TASK DESCRIPTION — Please copy the data exactly as it stands, minus the images.

EXERCISE DATA —
•••••

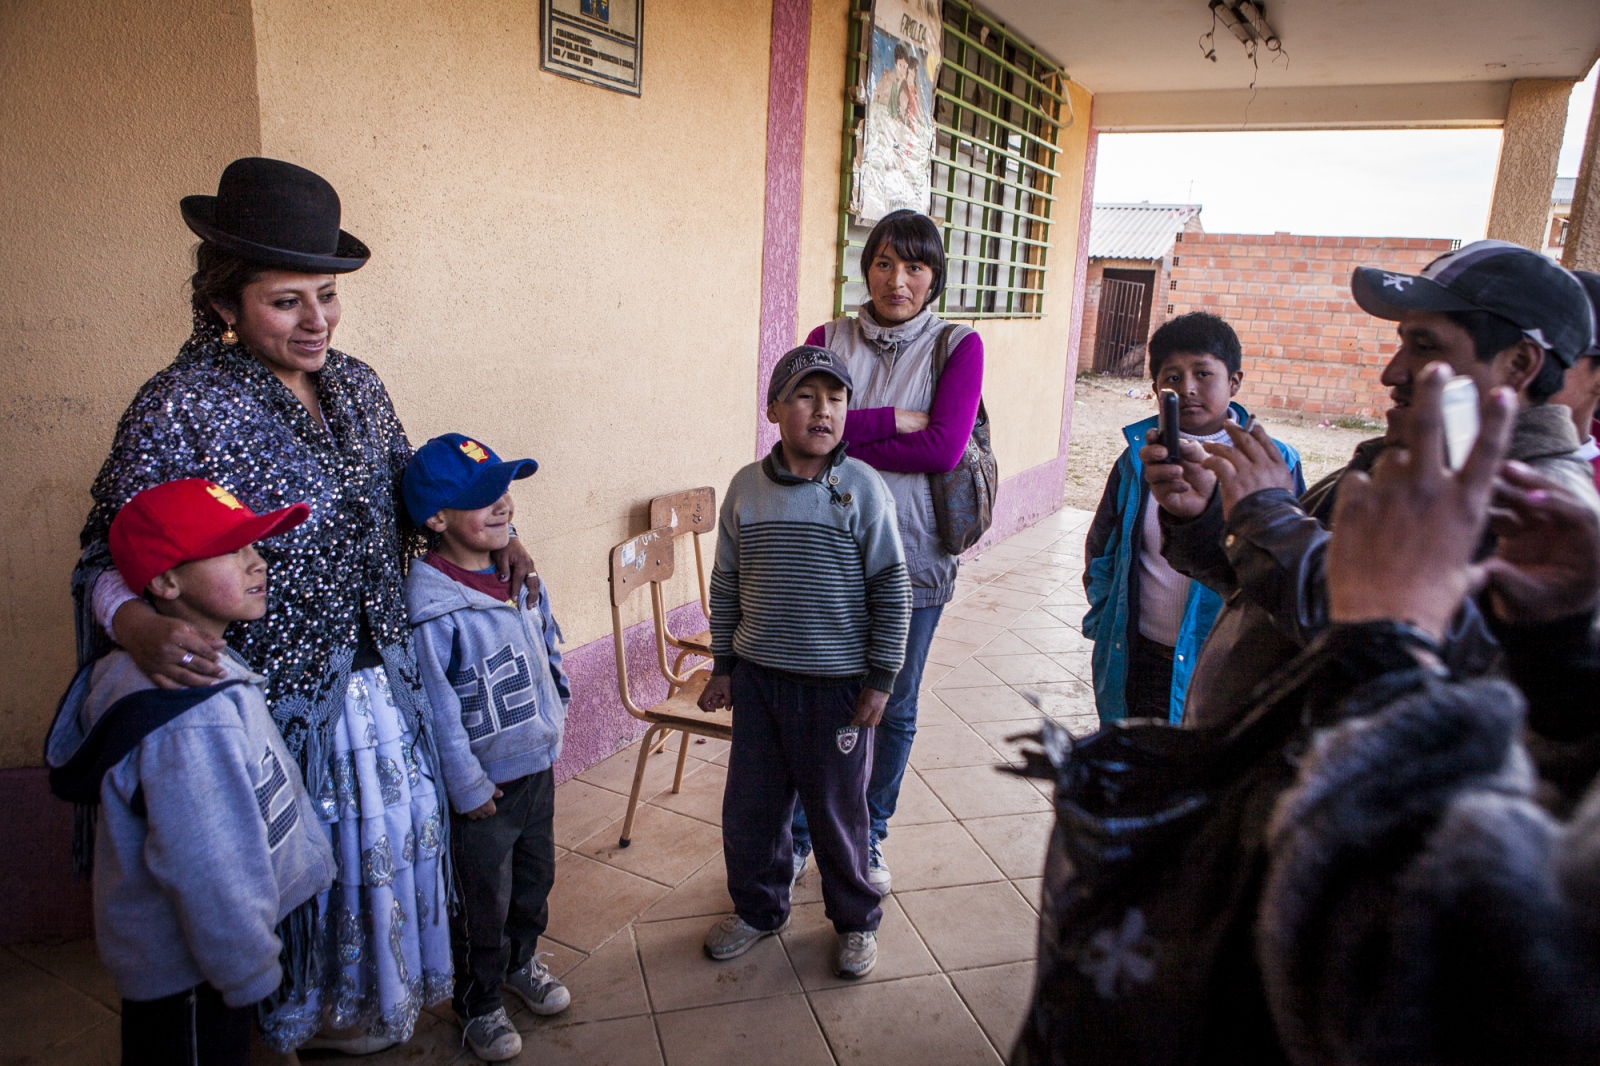  Juanita La Carinosa takes photos with young fans after the exhibition fight in Senkata, El Alto....
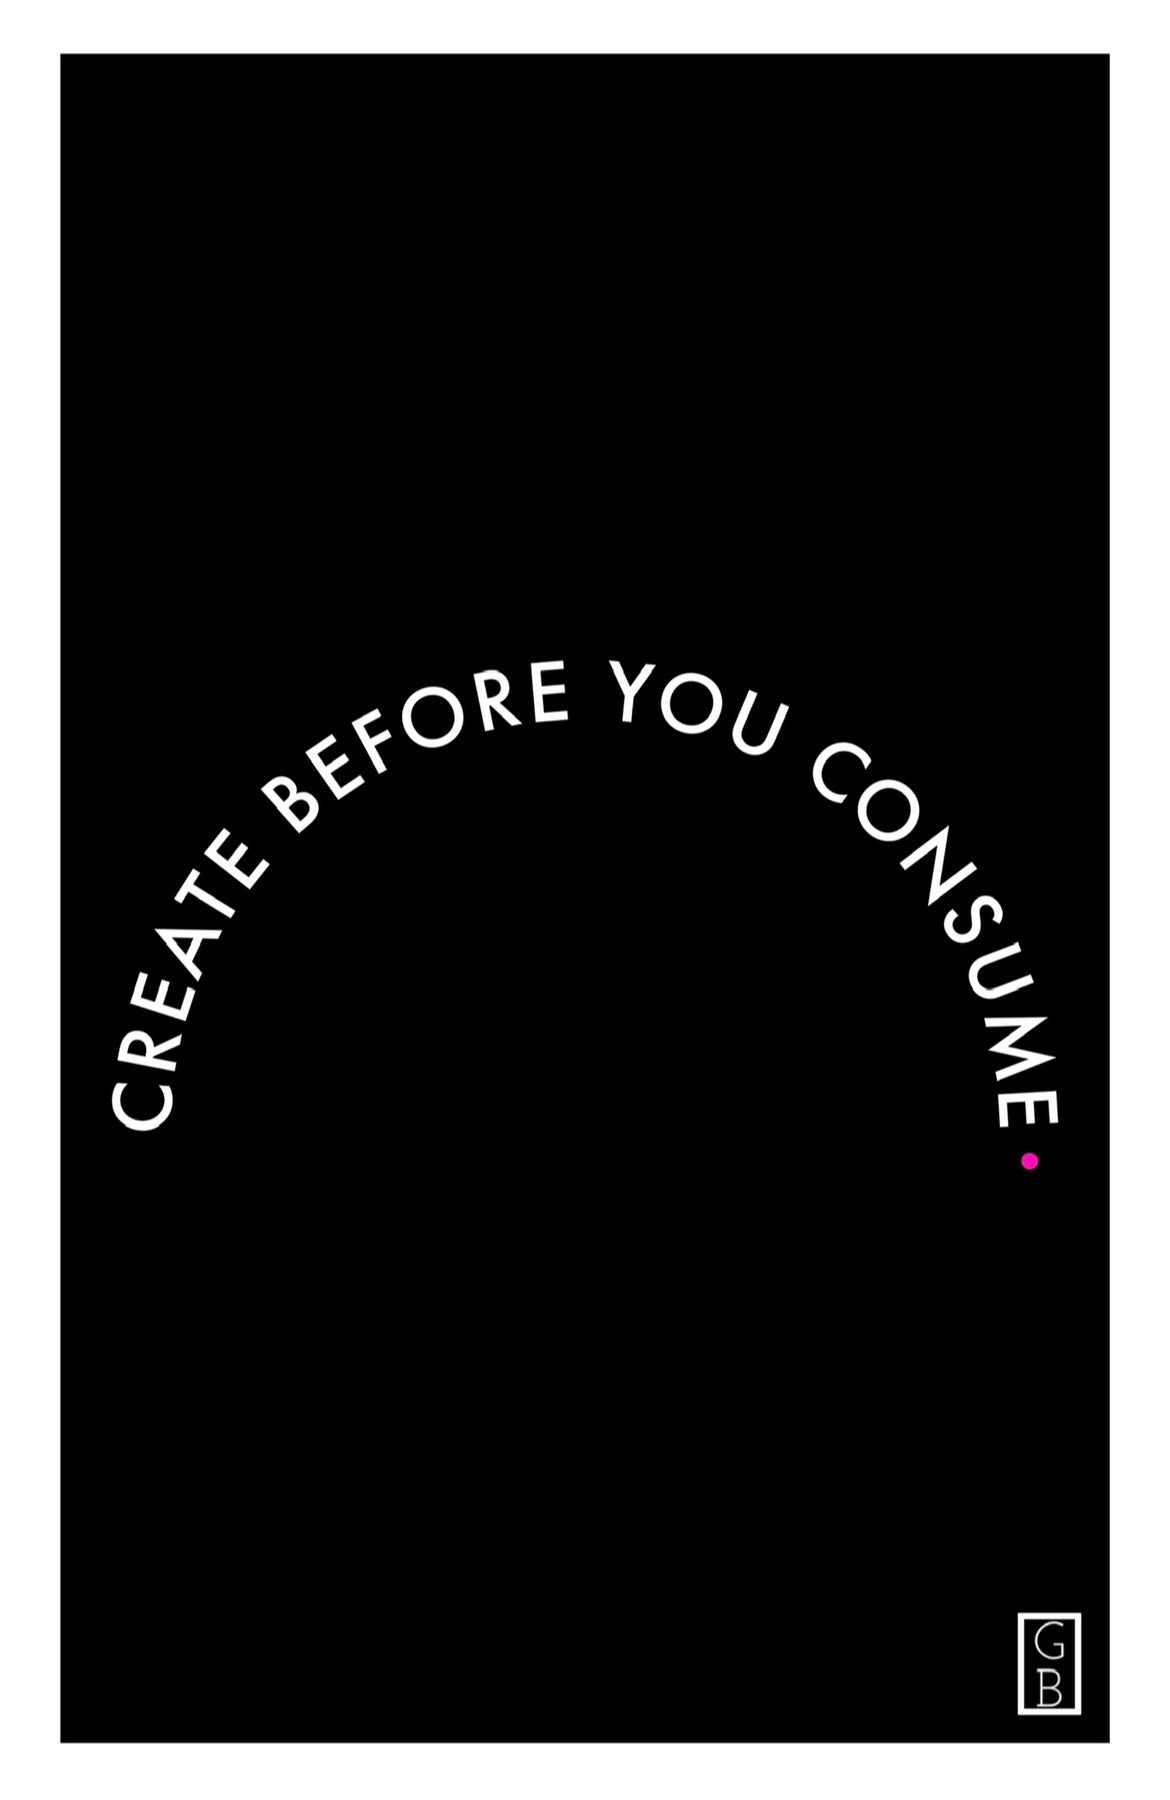 'Create before you consume' A4 print
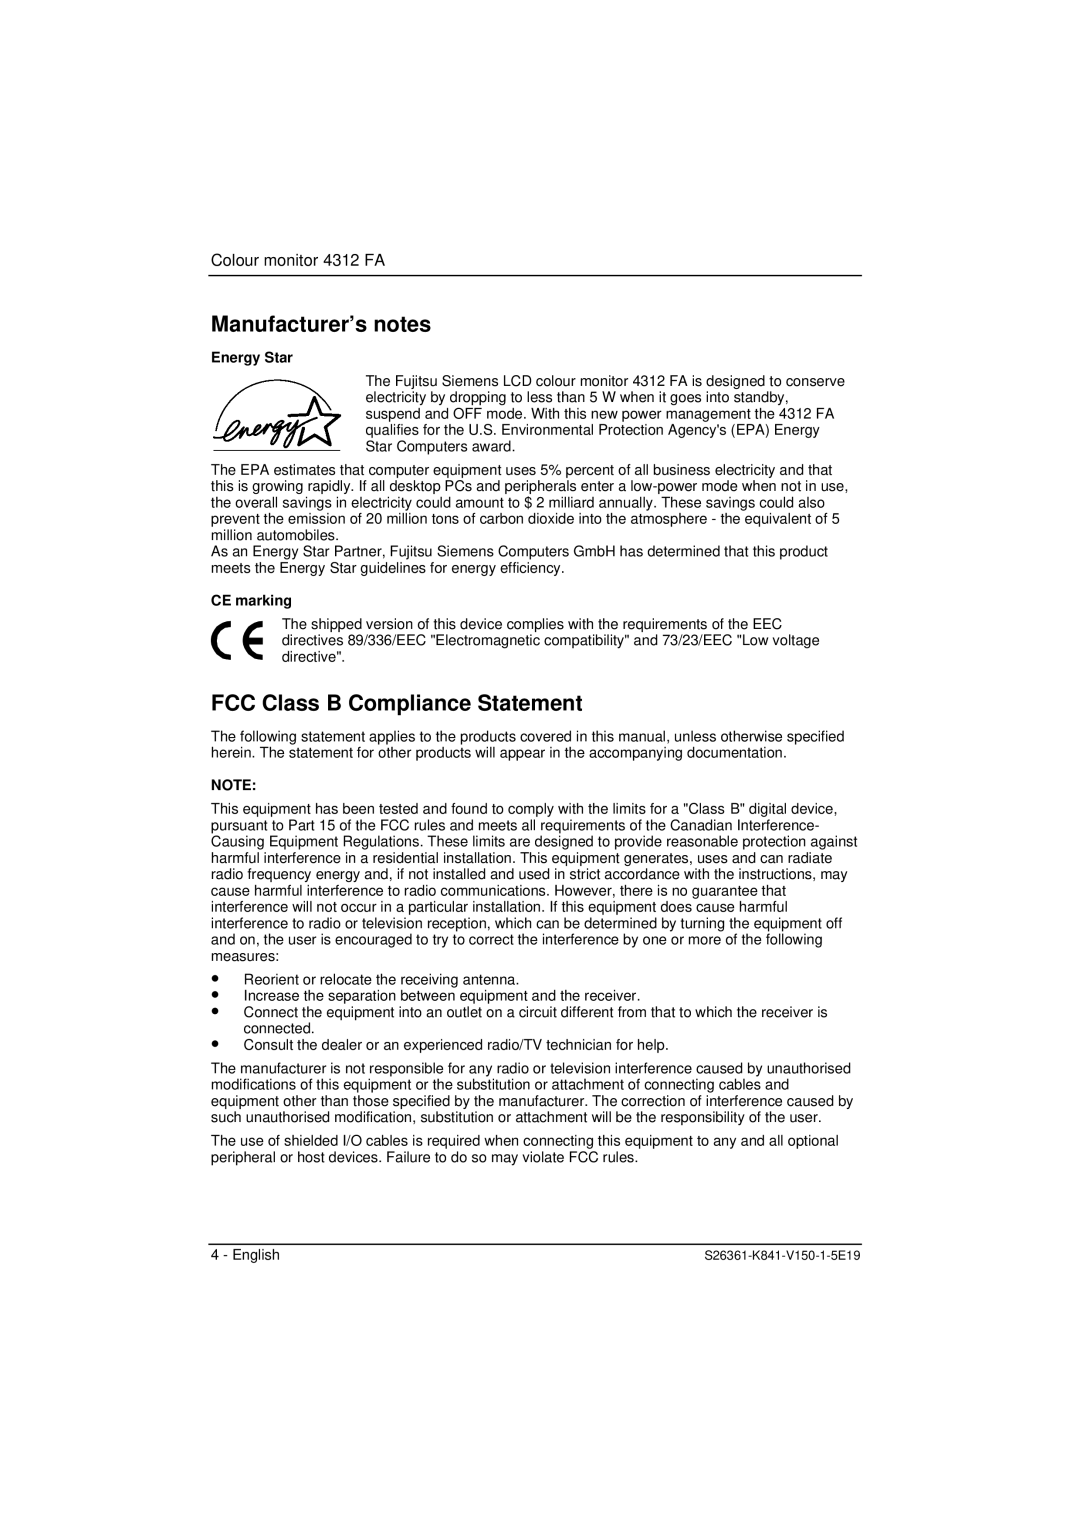 Fujitsu 4312 FA manual Manufacturer’s notes, FCC Class B Compliance Statement, Energy Star, CE marking

•••••

ANSWER TO THIS PROBLEM —
  Juanita La Carinosa takes photos with young fans after the exhibition fight in Senkata, El Alto....
 'Create before you consume' A4 print
 Fujitsu 4312 FA manual Manufacturer’s notes, FCC Class B Compliance Statement, Energy Star, CE marking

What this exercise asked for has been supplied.